Business Activities News
- Shanghai News
Date: 11-Dec-2006 Sources: (Shenzhen Daily)
ALUMINUM Corp. of China Ltd. (Chalco), the nation's biggest maker of the metal, offered 8.17 billion yuan (US$1 billion) in stock to buy out two Shanghai-listed units as part of a plan to trade its shares in Shanghai.
Hong Kong-listed Chalco, will issue yuan currency shares for the first time in exchange for the stock it doesn't own in Lanzhou Aluminum Co. and Shandong Aluminium Industry Co., the companies said in filings Friday. The units' shares will cease to trade and Chalco's stock will replace them in Shanghai.
Trading shares in Shanghai may help Chalco raise cash to acquire rivals and build new plants as aluminum demand rises in the world's biggest consumer of the metal used in cars, aircraft and beverage cans.
'Chalco will get an important new financing channel by listing domestically,'' said Sean Zheng, who helps manage US$100 million at Dingtian Asset Management Co. in Beijing. 'The share swap is an easy way to do it, although the payment is a bit higher than I expected.''
China wants companies such as PetroChina Co. and China Life Insurance Co. that don't trade shares in Shanghai and Shenzhen to list their shares in the domestic markets that are now dominated by smaller, State-owned manufacturers, Shanghai Stock Exchange executive vice president Zhou Qinye said in January.
Chalco, priced the stock offer for Lanzhou Aluminum Co. and Shandong Aluminium Industry Co. 25 percent above their last traded share prices. A concurrent cash offer valued at 6.91 billion yuan doesn't contain a premium.
After the takeover, Chalco's yuan-denominated A shares will trade on the Shanghai Stock Exchange, according to Friday's statements. The shares of all three companies are suspended, they last traded Nov. 27.

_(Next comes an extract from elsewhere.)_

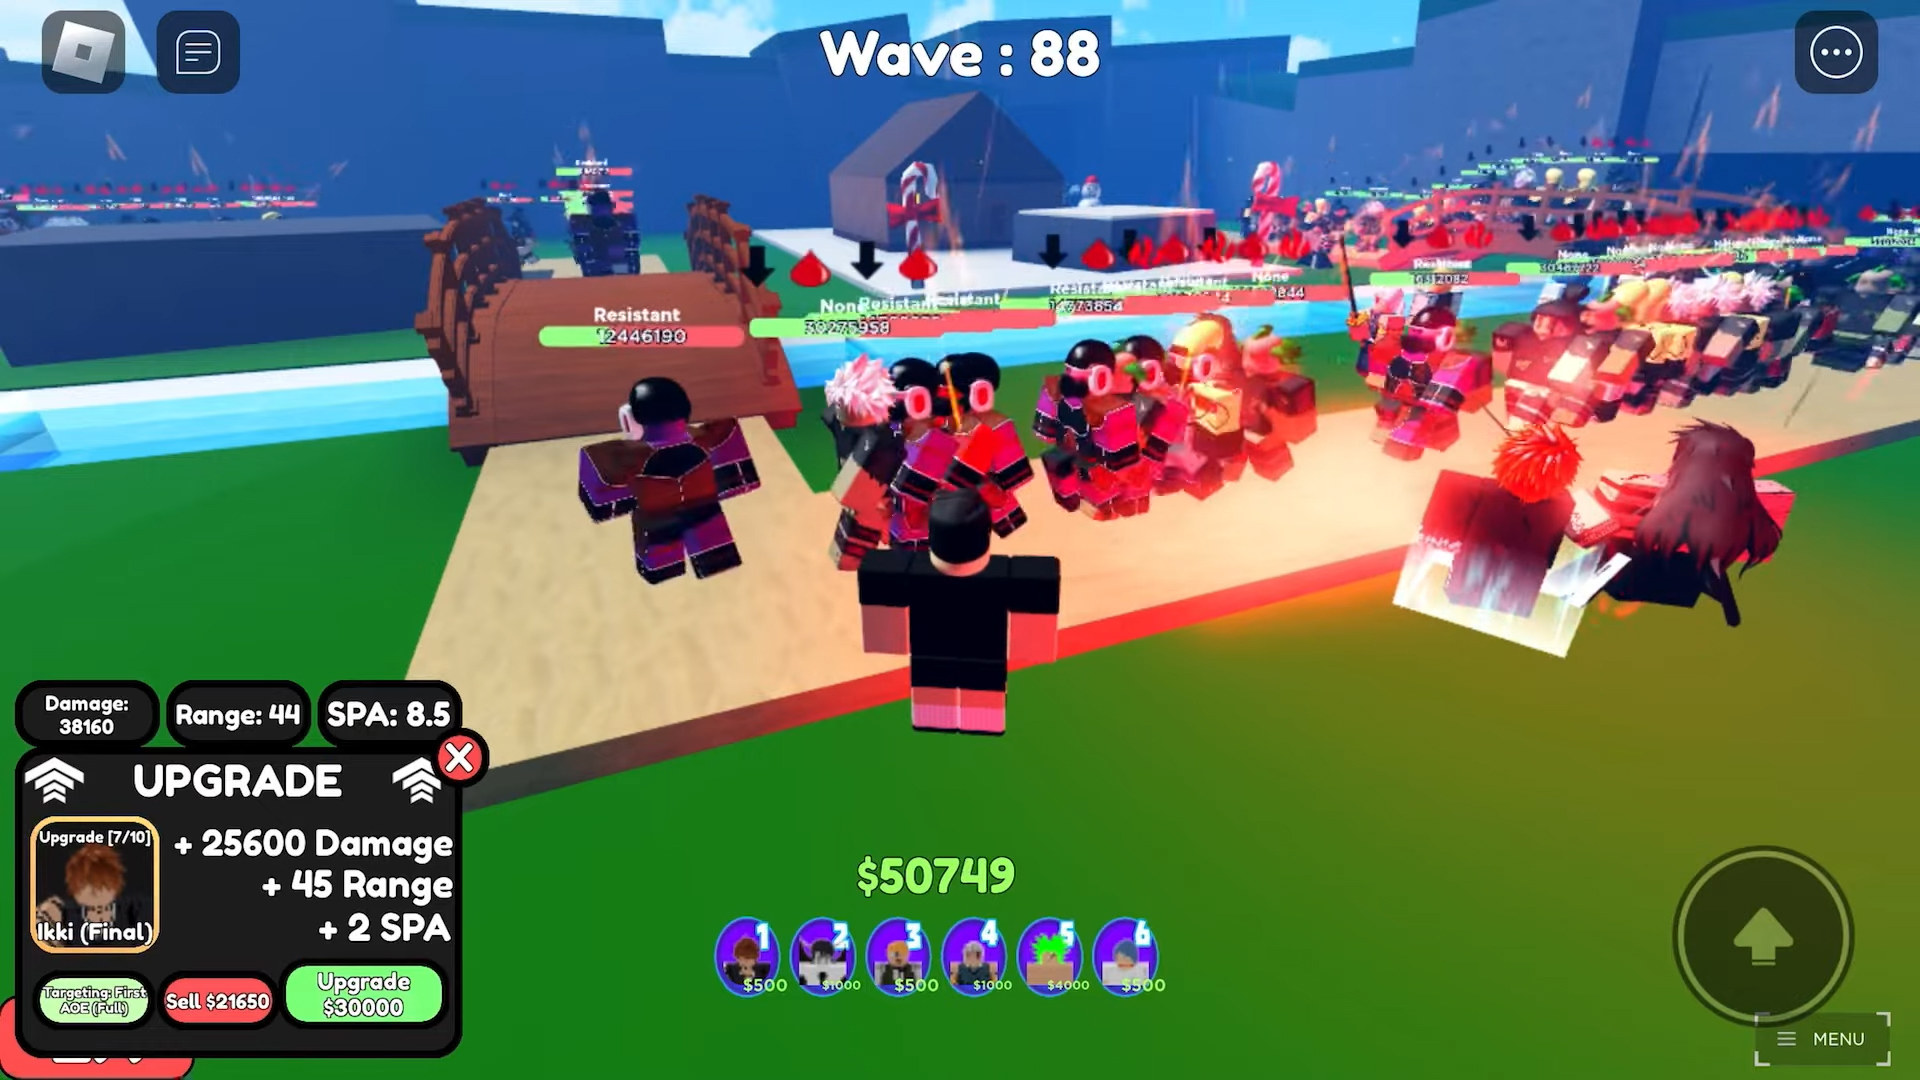 Find Everything You Need to Know About Roblox Final Tower Defense
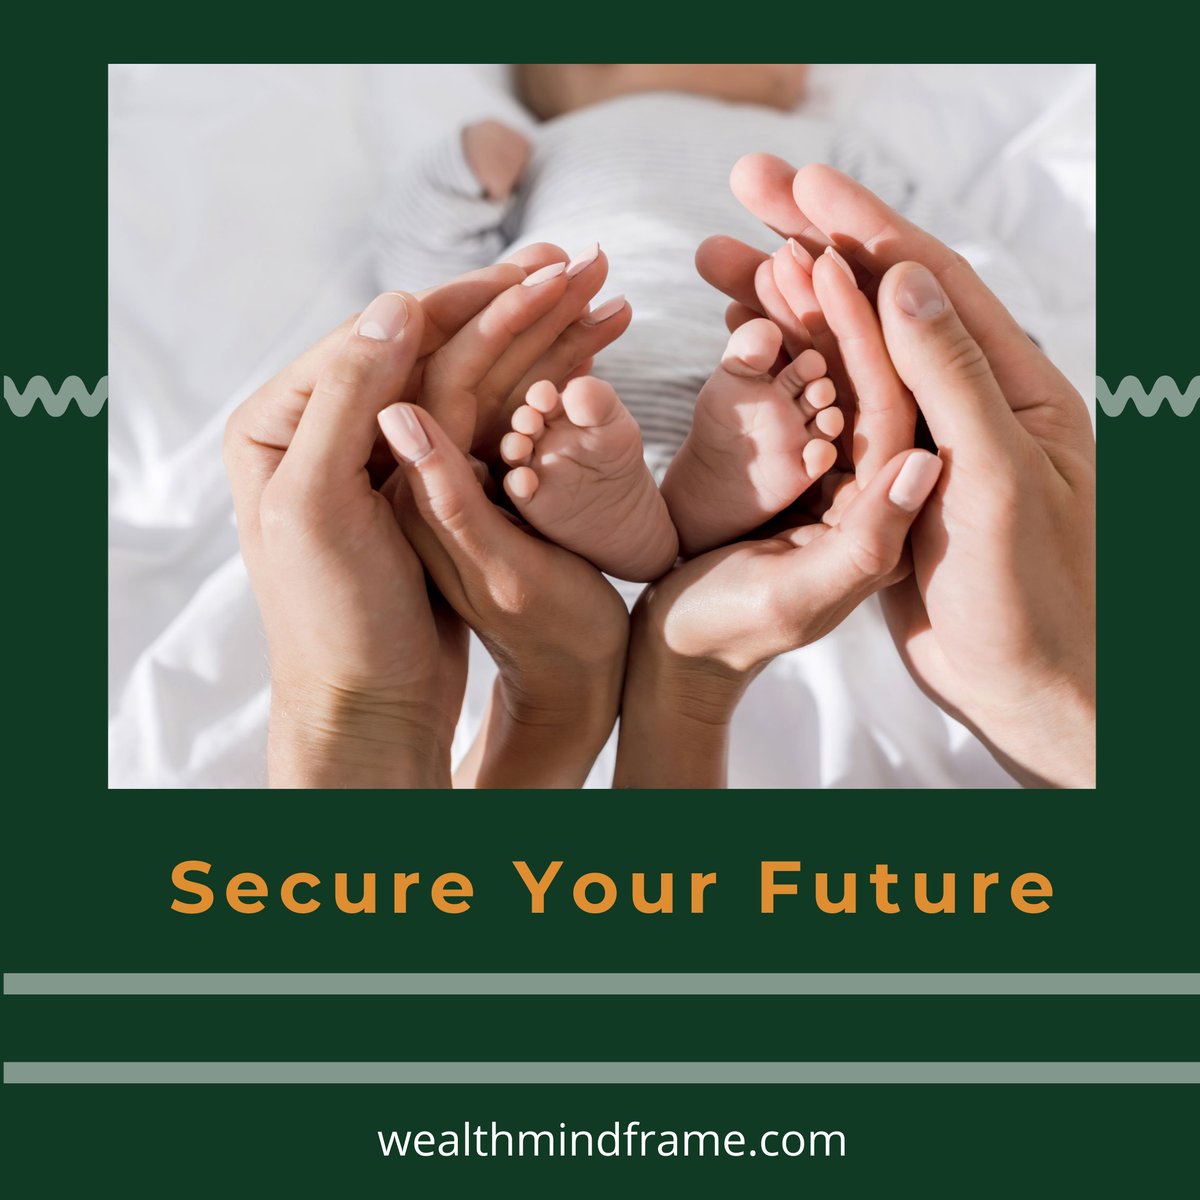 Don't just rely on your current assets to build wealth for the future. Be proactive and seek out new opportunities to secure financial stability for generations to come. Let's create a legacy of prosperity together! 💰🚀 #generationalwealth #financialstability #wealthmindframe

Chalco is offering 3.15 shares for every Shandong Aluminum share, which was last traded at 16.65 yuan, for a total of 4.17 billion yuan. The cash offer is the same as the last traded price. The scrip bid for Lanzhou Aluminum of 1.8 Chalco shares is worth 4 billion yuan.
Chalco said it's paying the premium to compensate shareholders for making nontradable State holdings tradable.
'We are happy to see it returning to the domestic market,'' said Liu Yang, who helps oversee more than US$3 billion of assets, including more than US$100 million of A shares, at mutual fund Atlantis Investment in Hong Kong. She has Chalco shares. 'We don't care how much it offers in compensation.''
Chalco plans to buy rival smelters to gain more control of the domestic aluminum and alumina industry following a government decision to slow investment in industries including aluminum, steel and automaking to cool inflation. Chalco has added 1.09 million tons of capacity by buying aluminum plants this year, the company said Oct. 23.
Aluminum Corp. of China, Chalco's parent, plans to increase capacity 56 percent to 5 million metric tons by 2010. Its alumina-making capacity will rise to 12 million tons in 2008, from 9.05 million tons by the end of this year, Li Dongguang, the company's trading manager, said last month.
Alumina is a semi-finished white powder smelters turn into aluminum in an energy-intensive electrolytic process.